A recent CDC report detailing measures the company should adopt to better protect its workforce also points out the plant failed to provide translations of important announcements.

The recommendations included practicing social distancing of at least six feet, installation of barriers where social distancing is not possible, the use of face coverings to mitigate the spread of respiratory droplets, providing face masks to employees and replacement face masks if those masks should become soiled.

The report also recommended secondary screening packets be translated into other languages commonly spoken in the plant to improve communication with employees.

Smithfield has a long history of mistreatment of its workforce – many of whom are in the U.S. as guest workers.

Credit: Darrel Sapp / Getty

Smithfield, which owns meat plants across the country, has a long history of worker injuries and fatalities. The company often uses foreign guest workers, many of whom have reported abusive treatment. In 2007, a number of guest workers from Thailand working in Smithfield plants reported slave-like conditions. The workers later reached a confidential settlement with Smithfield and a recruiting company called Global Horizons.

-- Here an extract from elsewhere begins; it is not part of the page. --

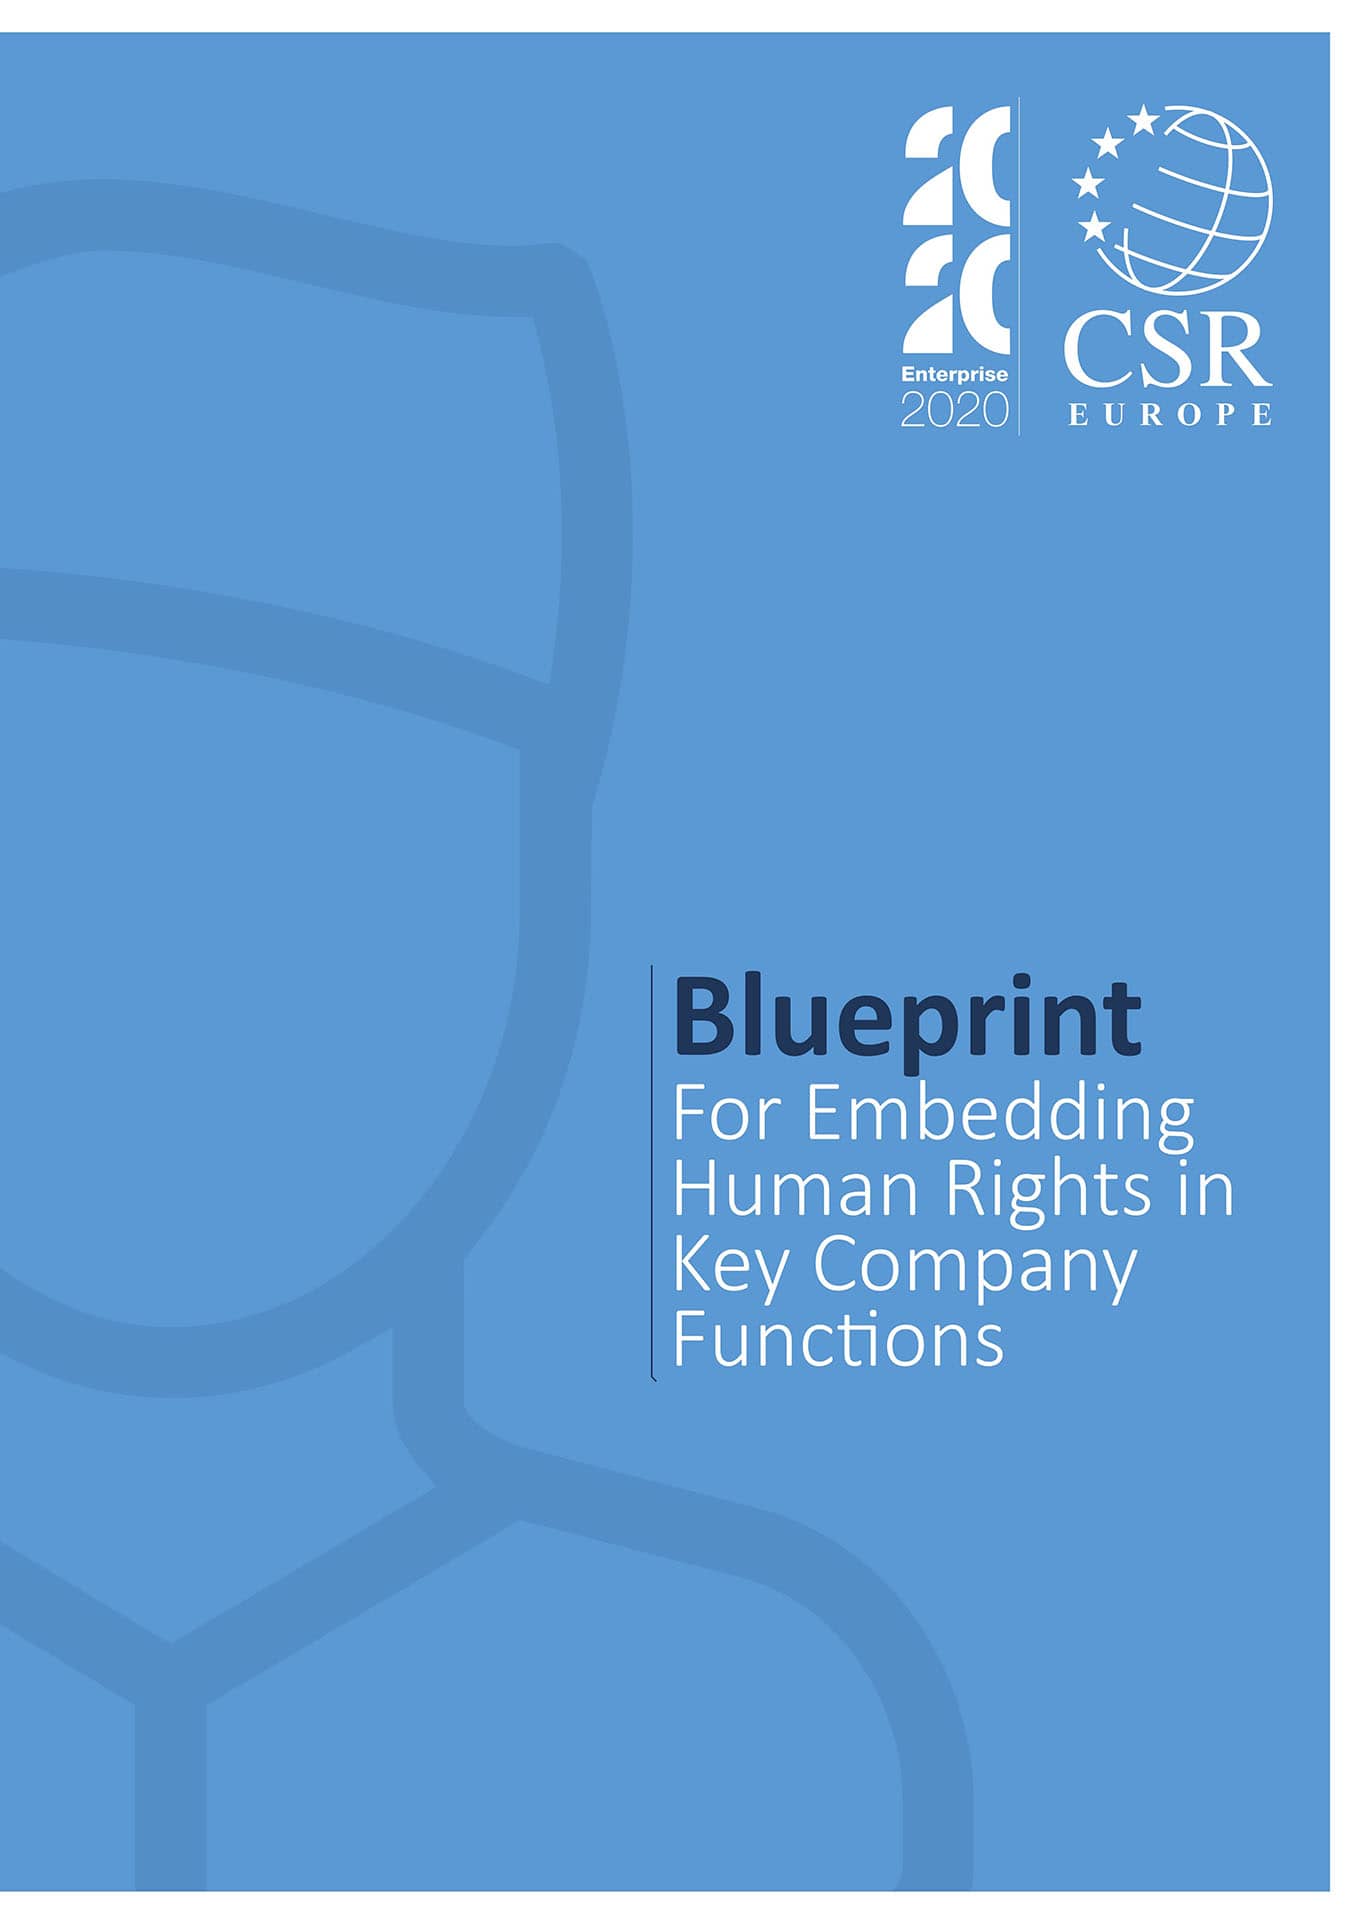 Blueprint for Embedding Human Rights in Key Company Functions (CSR Europe, 2016)

Smithfield Foods finally closed its South Dakota plant and is being forced to reevaluate its workplace conditions to protect workers and public health.

The plant is now closed indefinitely, cutting the country off from about 5% of its national pork supply. With 725 confirmed cases among workers and 143 more traced to them, the Smithfield outbreak has eclipsed most of the country’s worst-hit nursing homes and prisons among the largest community outbreaks. One Smithfield worker, 64-year-old Agustin Rodriguez, died on April 14 from COVID-19 complications.